Planned as a single project, the demolition becomes the first phase of building the new extension, and the contractor can sequence the work so each piece is done once. This is usually more efficient and cheaper than treating the demolition and the new build as two unrelated jobs handled by different people at different times. If you are removing an extension purely to open up the rear of the house with no replacement, the considerations are simpler — making good and the end state of the ground are the main decisions — but where a new extension is coming, lining the two up is what keeps the overall cost sensible. The contractor who understands your end goal can advise on what to keep and what to remove, so you spend on the work that genuinely serves the finished result rather than on undoing and redoing the same details twice.
Frequently asked questions
Is removing an extension cheaper than demolishing a house?
Yes, usually much cheaper, because an extension is smaller than a whole house and produces less waste. The cost depends on size, construction, the work to make good the house wall and roof where it joined, and waste disposal.
What does 'making good' mean after removing an extension?
It means repairing and finishing the part of the house exposed by the demolition — sealing and weatherproofing the wall and roof line, closing up any openings, and finishing the surfaces — so the remaining property is sound, watertight and tidy.
Do I need permission to demolish an extension?

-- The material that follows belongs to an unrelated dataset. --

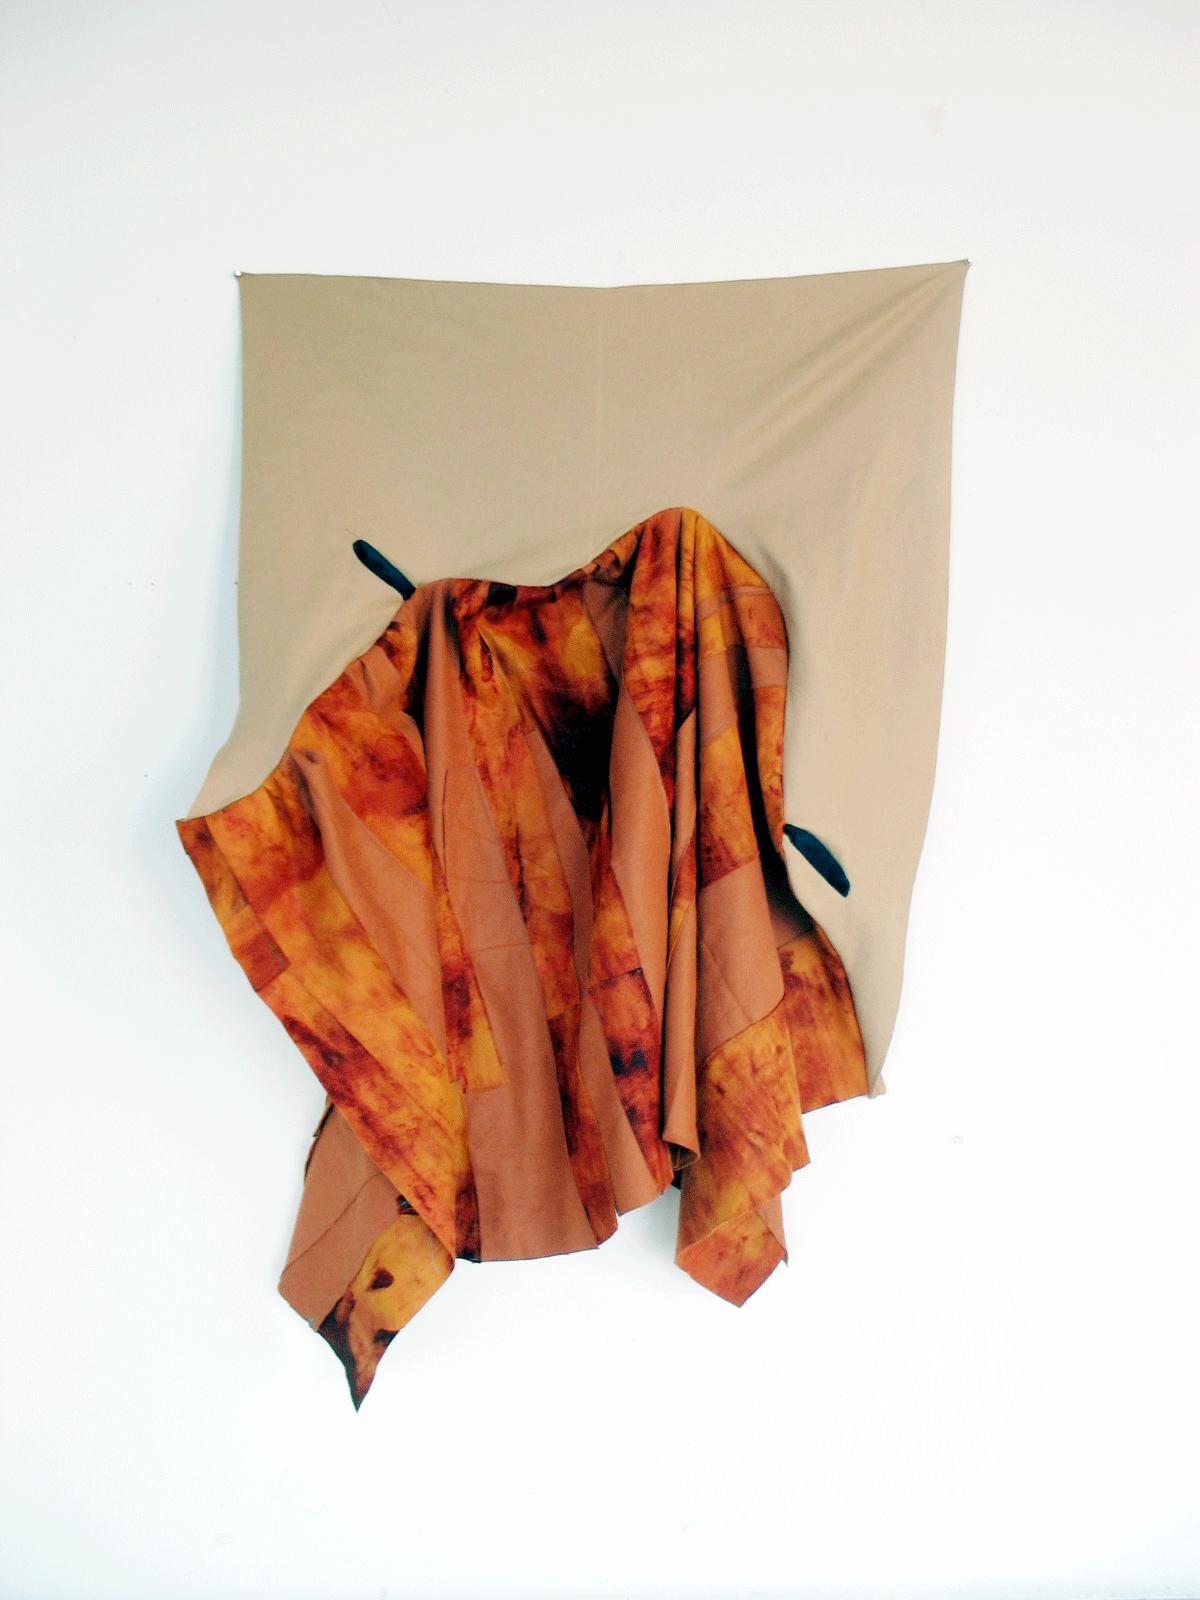 Double Negative Soft, 2004

It may need to be notified to the local authority, and listed buildings or conservation areas have stricter rules. Check with your council before starting. If you plan to build a new extension in its place, that will have its own permission requirements.
Sources & further reading
- Checkatrade — demolition cost guide
- MyJobQuote — house demolition cost guide
- HSE — asbestos essentials
Figures on this page are typical UK ranges drawn from published sources and depend on your specific building. They are guidance, not a quotation.